私だけの仏教 あなただけの仏教入門 (講談社+α新書)

私だけの仏教 あなただけの仏教入門 (講談社+α新書)

内容
特に日本仏教の仏教(十三宗)の成立と違いについて説明した入門書。なぜか、「バイキング」(食べ放題のことね)にたとえて説明しています。巻末に日本仏教の成立史年表つき。

感想
日本のお坊さんの説法を聞いている印象。お葬式の時とかに聞く話よりは専門的で難しいが、宮坂有洪(真釈般若心経の感想→http://d.hatena.ne.jp/doctorbird/20040830#1093878516)さんほど緻密な論理ではない。論理よりも、たとえ話で気持ちに訴えるということが基本方針。

読んでいても主張に一貫性がないです。例えば、


「将来きっといいことがあると思って、特定の努力をする、というのは今という時間への冒涜である。今味わう楽しみ以外に今行うことの結果を期待しない、というのが遊びの本質だろう。我が宗の白隠禅師はそれを「因果一如」と謂い、道元禅師などは「修証一等」と謂う。
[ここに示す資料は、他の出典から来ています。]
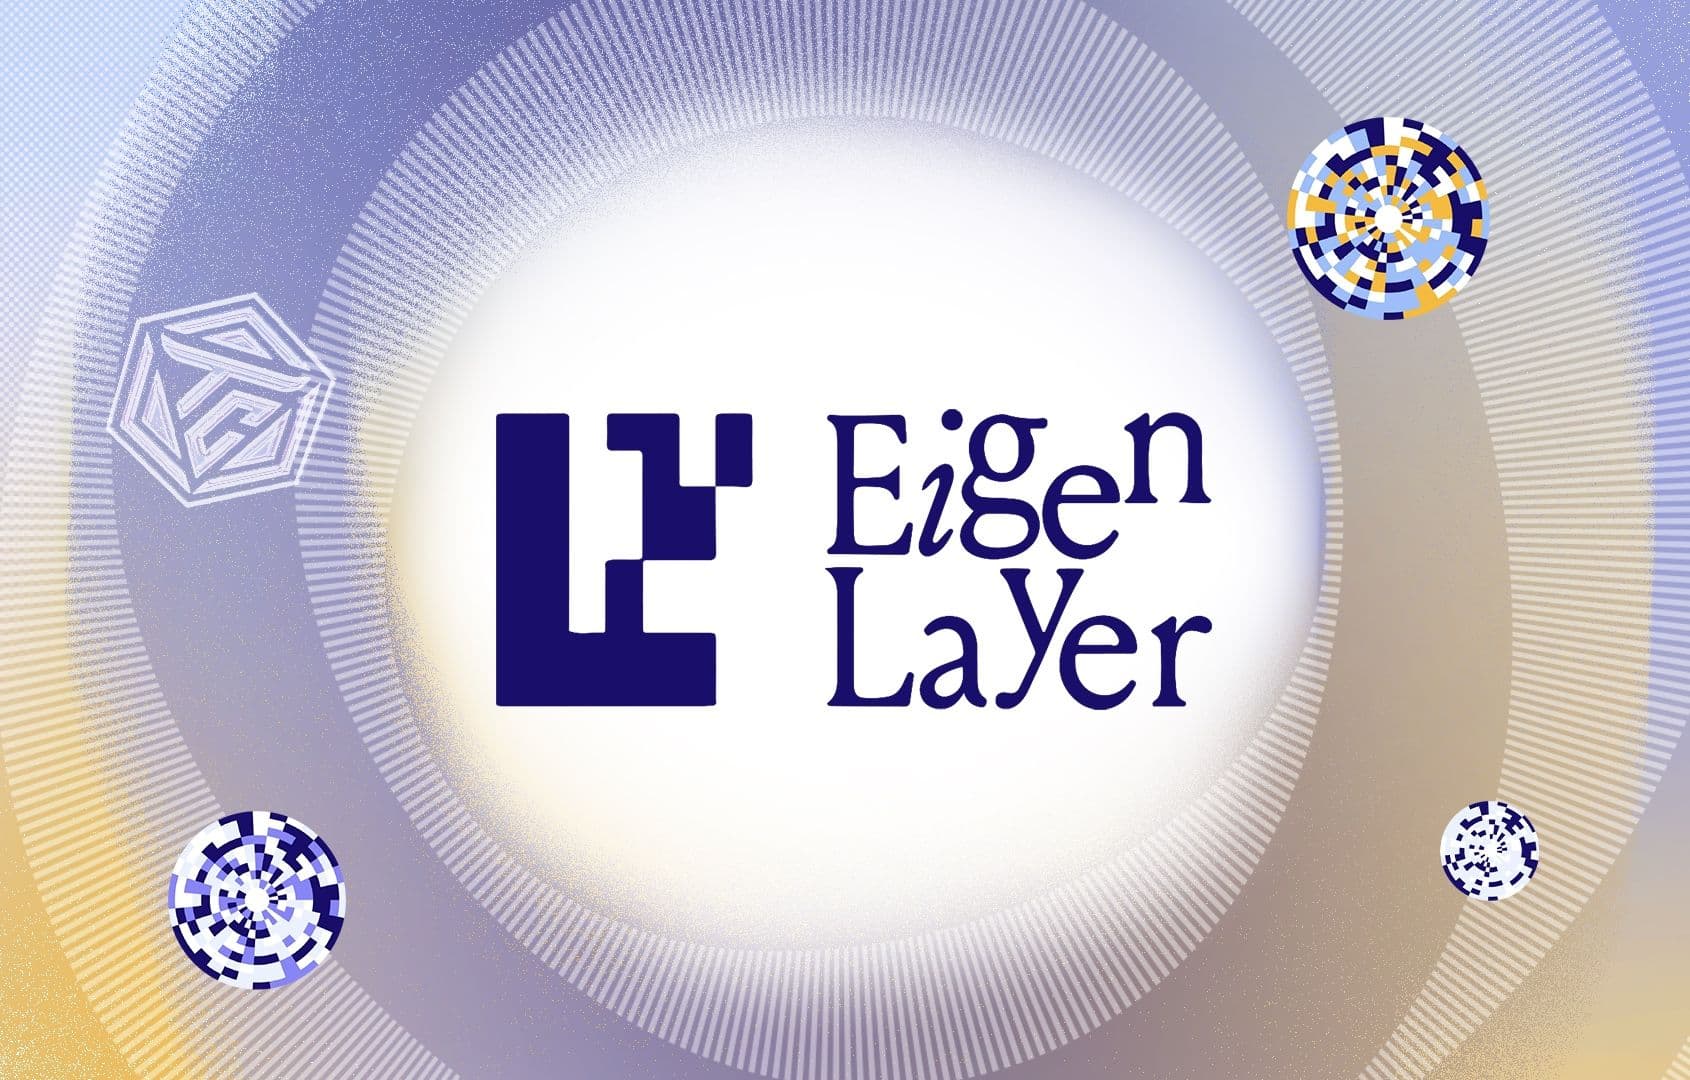 EigenLayer là gì? Dự án restaking có khả năng cách mạng hóa Ethereum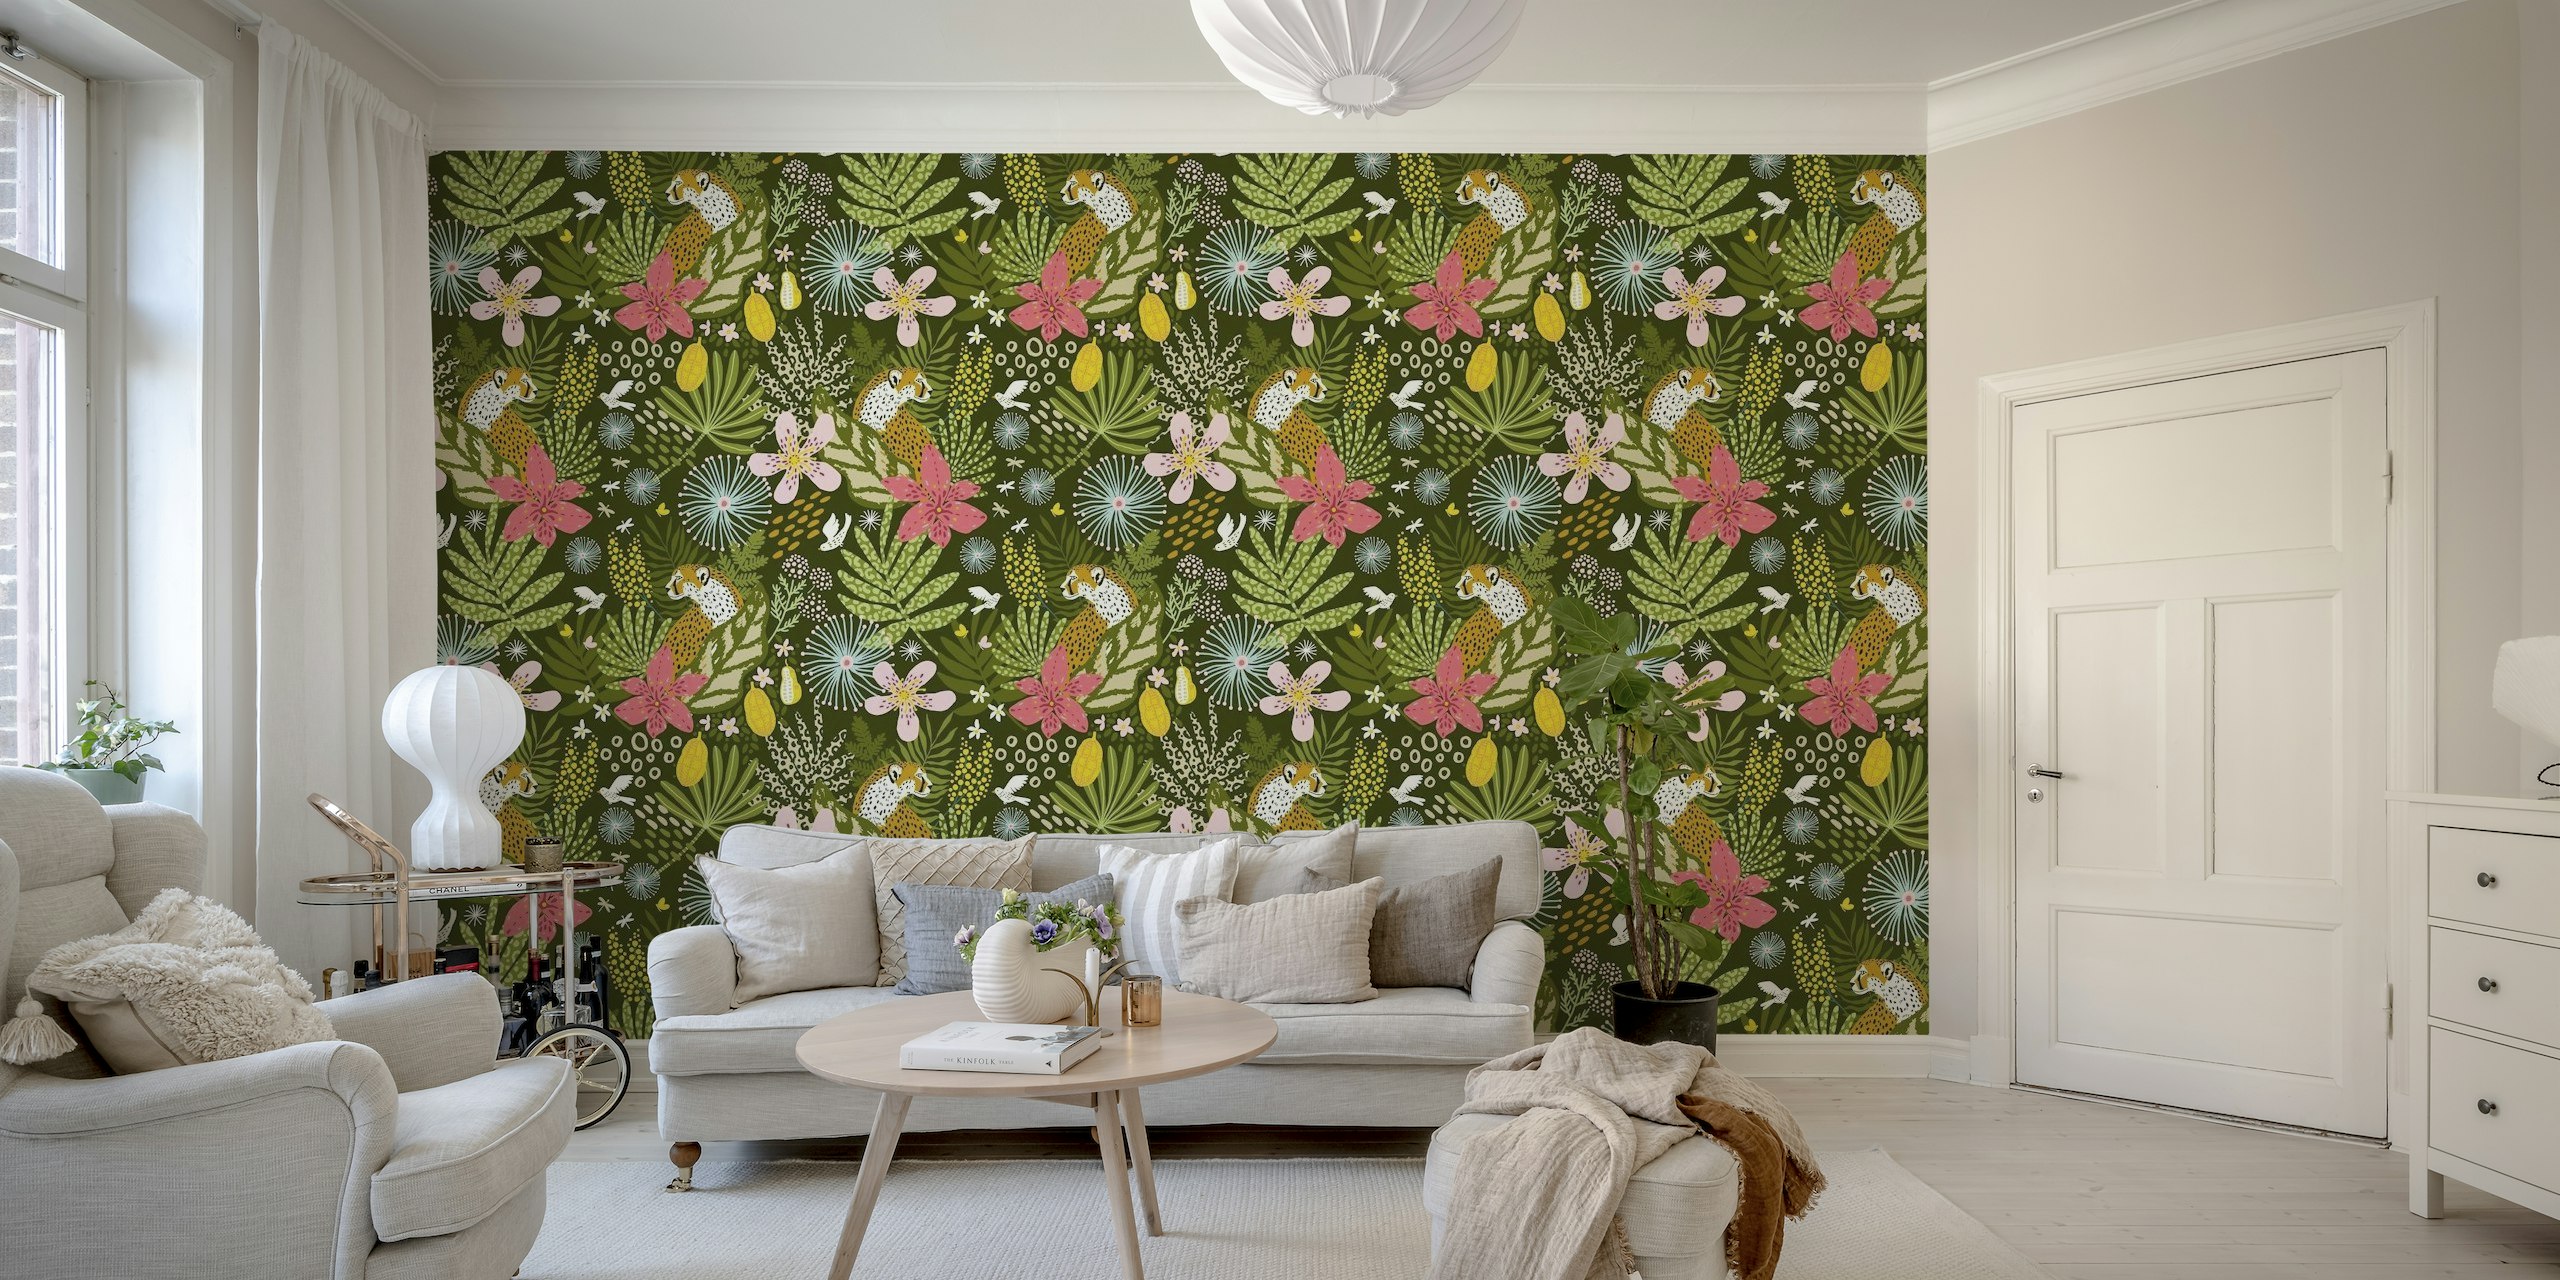 Fotomural vinílico de parede com padrão de chitas e flores tropicais para interiores

」p.61


と目標を持っての努力・修行を否定していますが、その少し後では、

「ただ現代に生きる我々だから、(中略)あくまでもそうした仏像に象徴される技術や力・特性を習得するために祀ってほしいと思う。すがる相手ではなく、それらは辿り着くべき目標なのである。」p.75


と目標を持って技術の習得にはげみなさい。といっています。
いったい、著者の主張はなんなんだ!?と投げ出したくなります。最後の方にある


「「意味」というのも考えてみればロジックという形ある「色」である。思い切って無意味の世界の海、いや「空」に泳ぎ出すことをお勧めする次第である」p.182


という文章を読んで、本をぶん投げたくなりました少しは著者の気持ちがわかりました。つまりは、あんまり理屈っぽいのはやめようよっという感じですね。
それもまた近所のお坊さん風です。


テーマを「日本仏教の成立史と相違」か「玄侑宗久の仏教」のどちらかに絞って欲しかった。